Von Wattenwyl was an accomplished equestrian. She went to live at the French court as a young woman and, at the age of twenty, got into an argument with a French noblewoman, challenging her to a night time duel on horseback with pistols. Upon discovering that courtiers had removed the ammunition from their pistols, the duel continued with swords until a relative broke up the fight. News of the incident soon spread across Europe, leading Christina, Queen of Sweden to invite von Wattenwyl to serve as her lady-in-waiting at the Swedish court. Von Wattenwyl's family prevented her from accepting Queen Christina's invitation, as the queen had converted to Catholicism and the von Wattenwyls were staunch Protestants.

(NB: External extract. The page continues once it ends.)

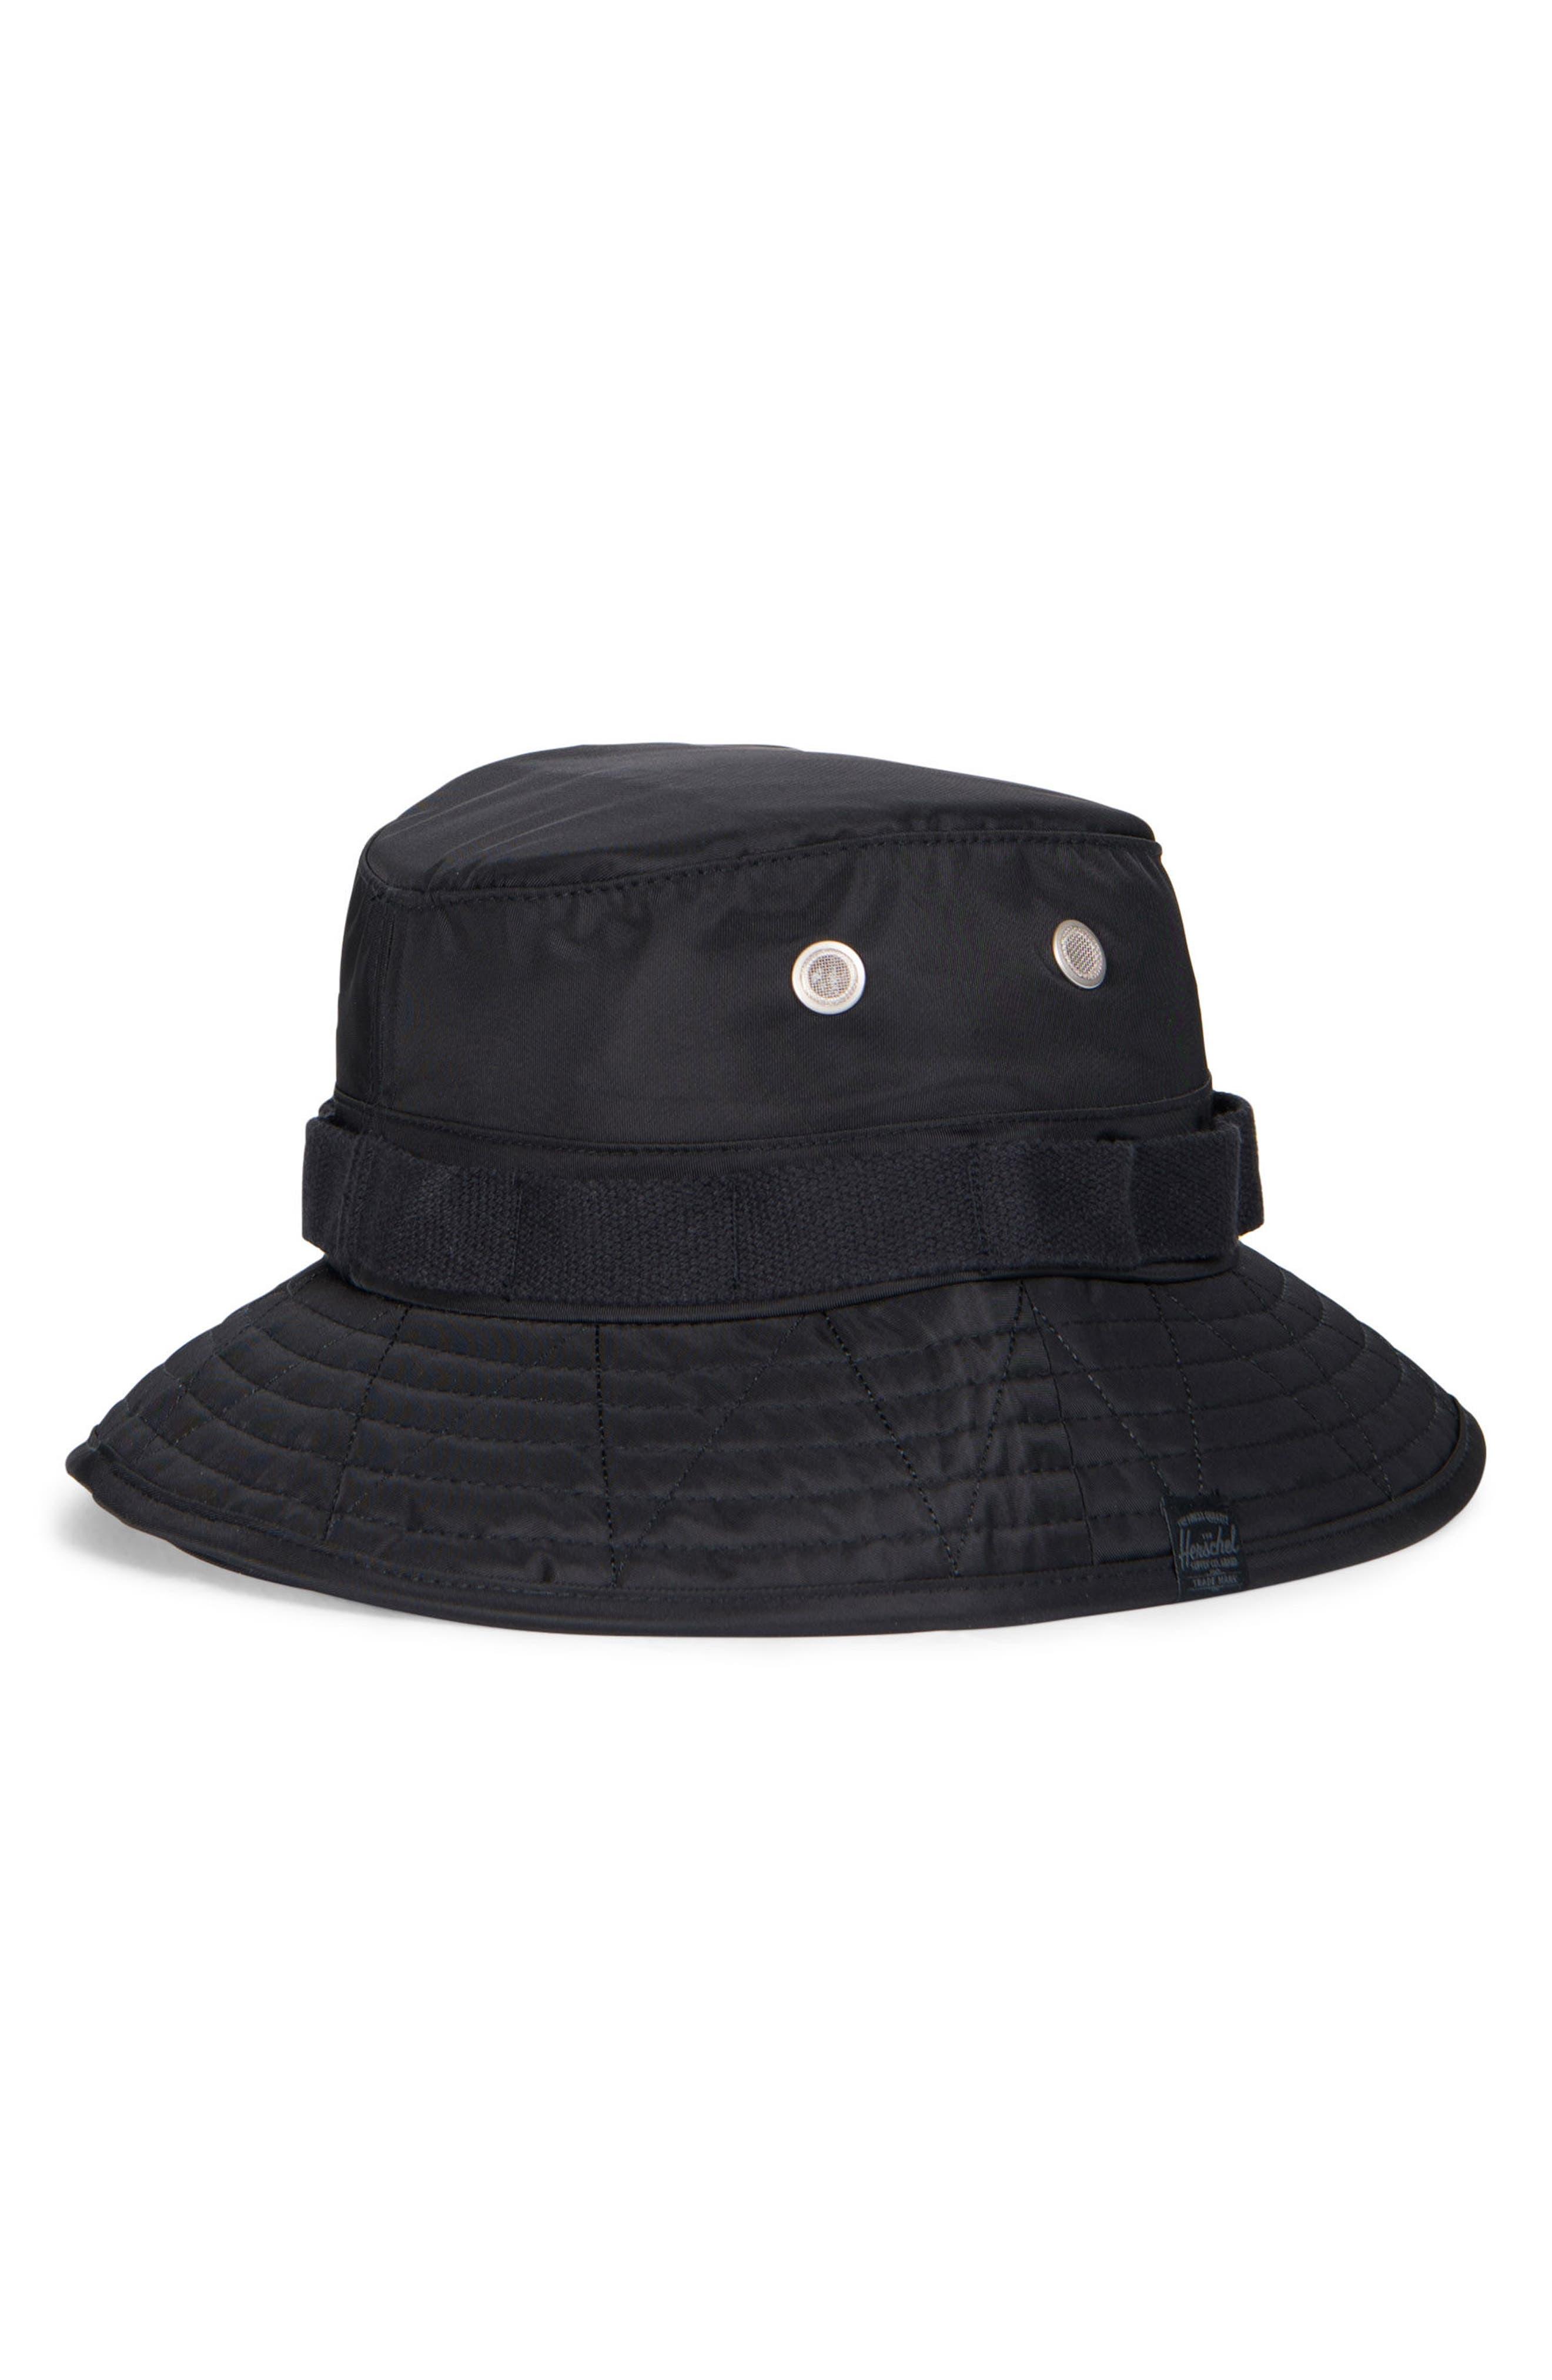 Creek Surplus Collection Bucket Hat,                             Alternate thumbnail 2, color,                             001

On another occasion, von Wattenwyl mastered a horse that had been regarded as untameable, leading to the owner gifting her a pair of double-barrel pistols. She used one of the pistols to shoot a Palatinate Count who harassed her while she was on a hunt.
Marriages
Von Wattenwyl's relatives were troubled by her aggressive behavior, considered unsuitable for a lady of her status, and pushed for her to marry. She selected a man from the noble von Diesbach family of Fribourg, but was not permitted to marry him because he was a Catholic. She rejected all of the candidates her family presented her until, against her will, she was married off to Abraham Le Clerc, a young Protestant pastor at the Church of the Holy Ghost in Bern. Wanting to avoid the restrictions of Bernese society, she arranged for her husband to take up a post as pastor of Därstetten in the Simme Valley.

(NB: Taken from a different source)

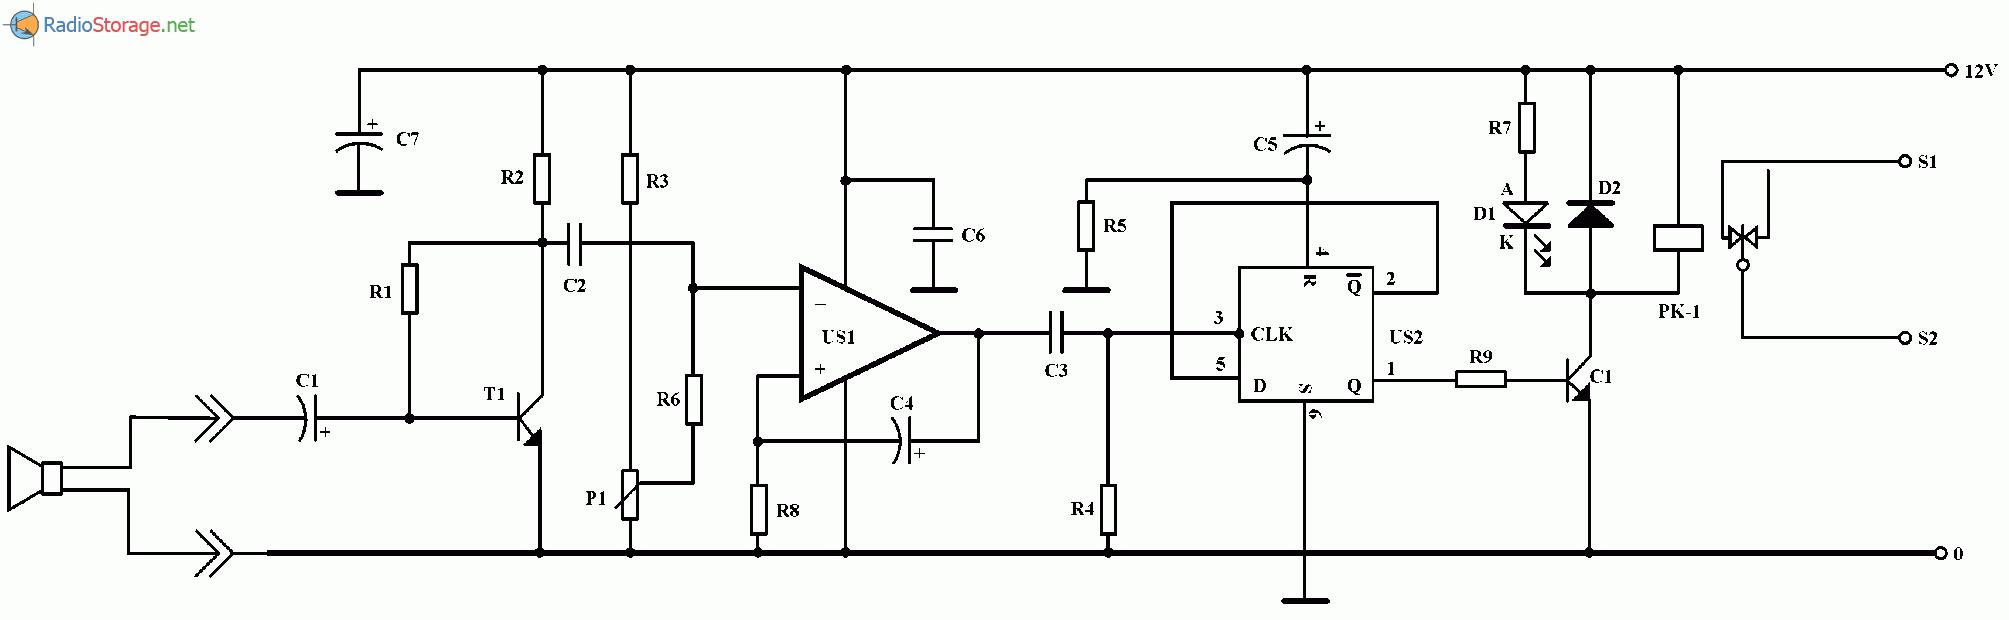 Акустический выключатель электронных устройств, схема

After her husband died she married a second time, in 1679, to the widower Samuel Perregaux, who served as clerk of the court and mayor of Valangin. With her second husband, she had two children: Théophile Perregaux and Elisabeth Perregaux.
Espionage for the French
Von Wattenwyl was an admirer and supporter of the Bourbon monarchy. During the Nine Years' War, the French king Louis XIV had conquered Alsace, Franche-Comté, and Strasbourg and revoked the Edict of Nantes, which in-turn permitted the persecution of Huguenots. This caused many Huguenot refugees to flee to Bern, where they added to anti-French sentiment in Grand Council of Bern, which caused French sympathizers to lose political influence. Bernese leaders held secret meetings to discuss a possible alliance with the English king. Since the French ambassador Michel Amelot de Gournay was in Solothurn, he hired von Watenwyl as an agent to obtain secret information from these Swiss meetings for the French court. Von Wattenwyl sent letters containing information, some from the pro-French Bernese mayor Sigmund von Erlach, to de Gournay via a messenger.
In December 1689, her messenger was intercepted and captured. Von Wattenwyl was then arrested in the middle of the night and imprisoned at Käfigturm, where she was severely tortured for weeks.

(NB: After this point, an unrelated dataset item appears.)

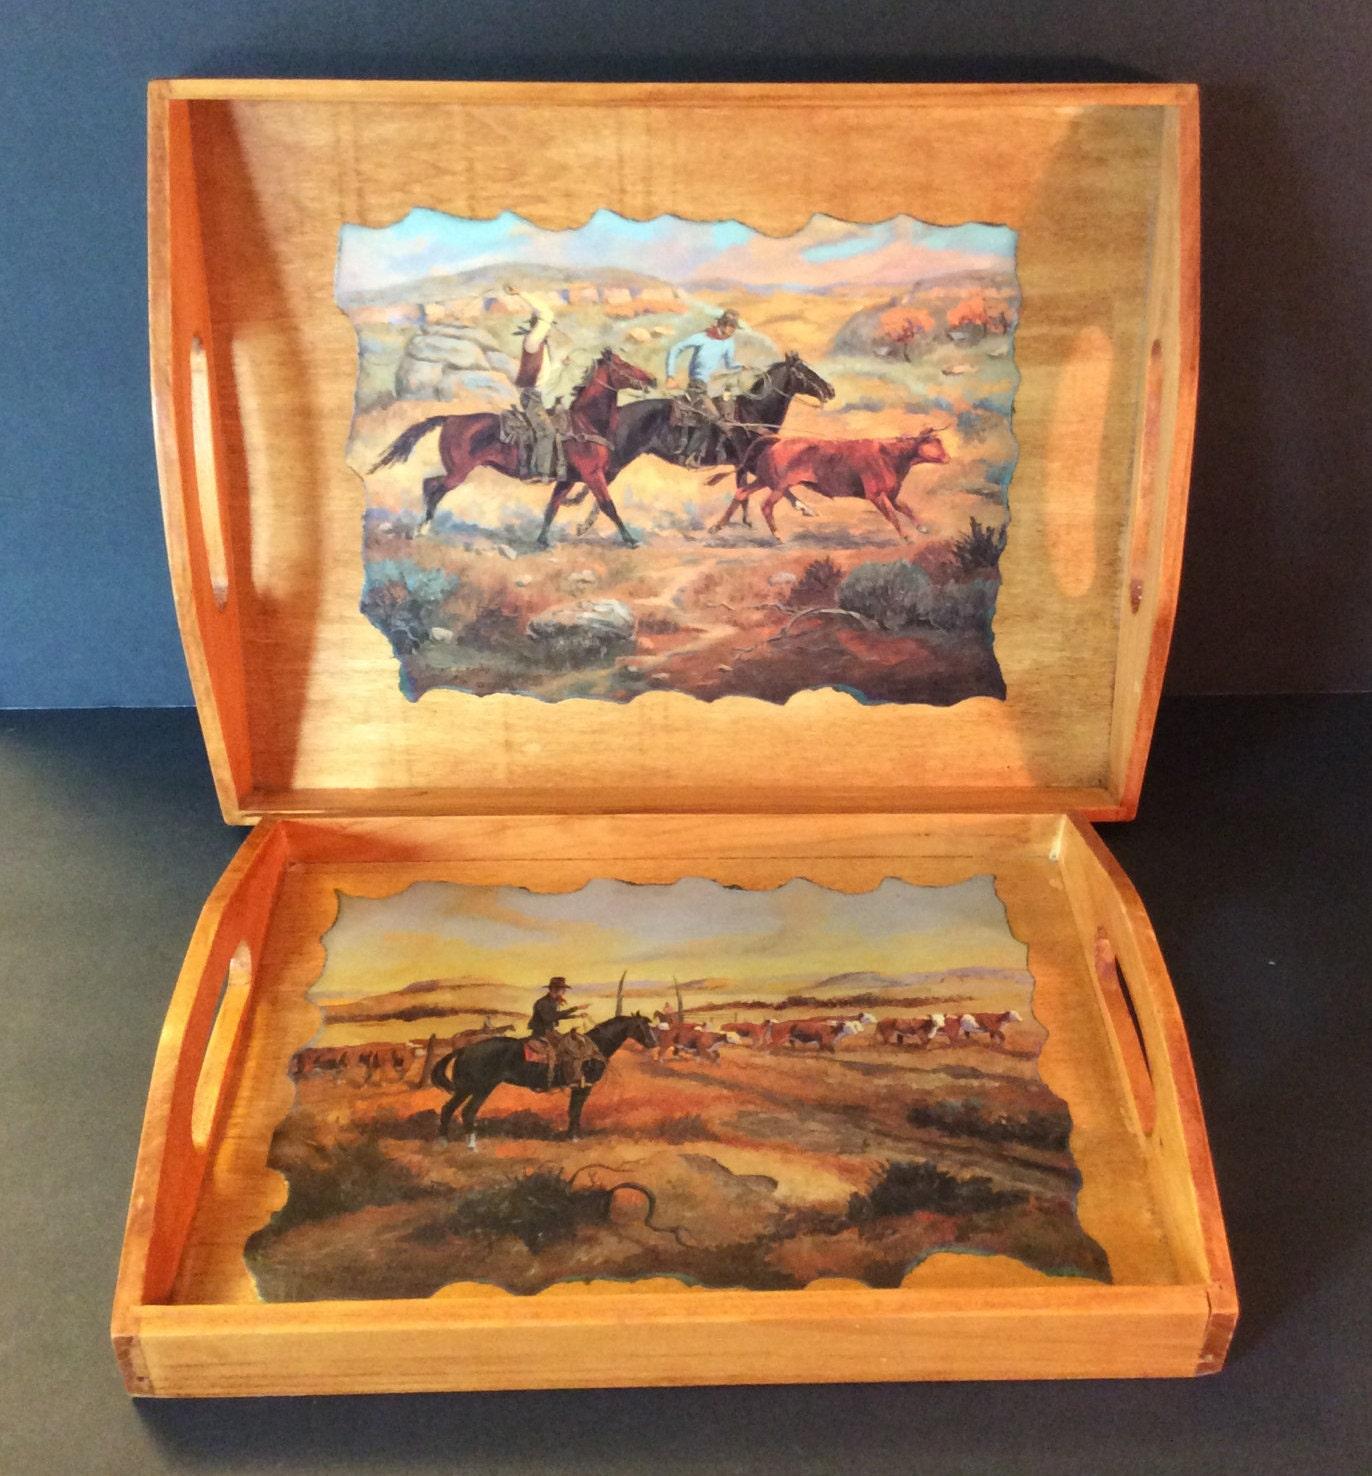 Western Decor On Sale: SALE Western Serving Trays, Western Decor, Cowboy Decor

In 1690, von Wattenwyl was sentenced to death in Bern following a high treason trial, for which she was convicted. Her family advocated on her behalf and were successful in getting her sentence reduced to life in exile from Bern. In 1692, she was released and took refuge at Valangin Castle in the County of Neuchâtel, where she remained until her death. While in exile, she wrote a memoir that she dedicated to her husband.
Legacy
The artist Joseph Werner criticized the trial and torture of von Wattenwyl with his miniatures from 1690 to 1691, in which he claimed that von Wattenwyl had served as a scapegoat in the disputes between pro-French and anti-French forces. Werner was commissioned by Beat Fischer von Reichenbach to create a series of drawings defending von Wattenwyl.
Adolf Frey's 1912 novel, Die Jungfer von Wattenwyl, was based on her, as was Therese Bichsel's 2004 novel Catherine von Wattenwyl.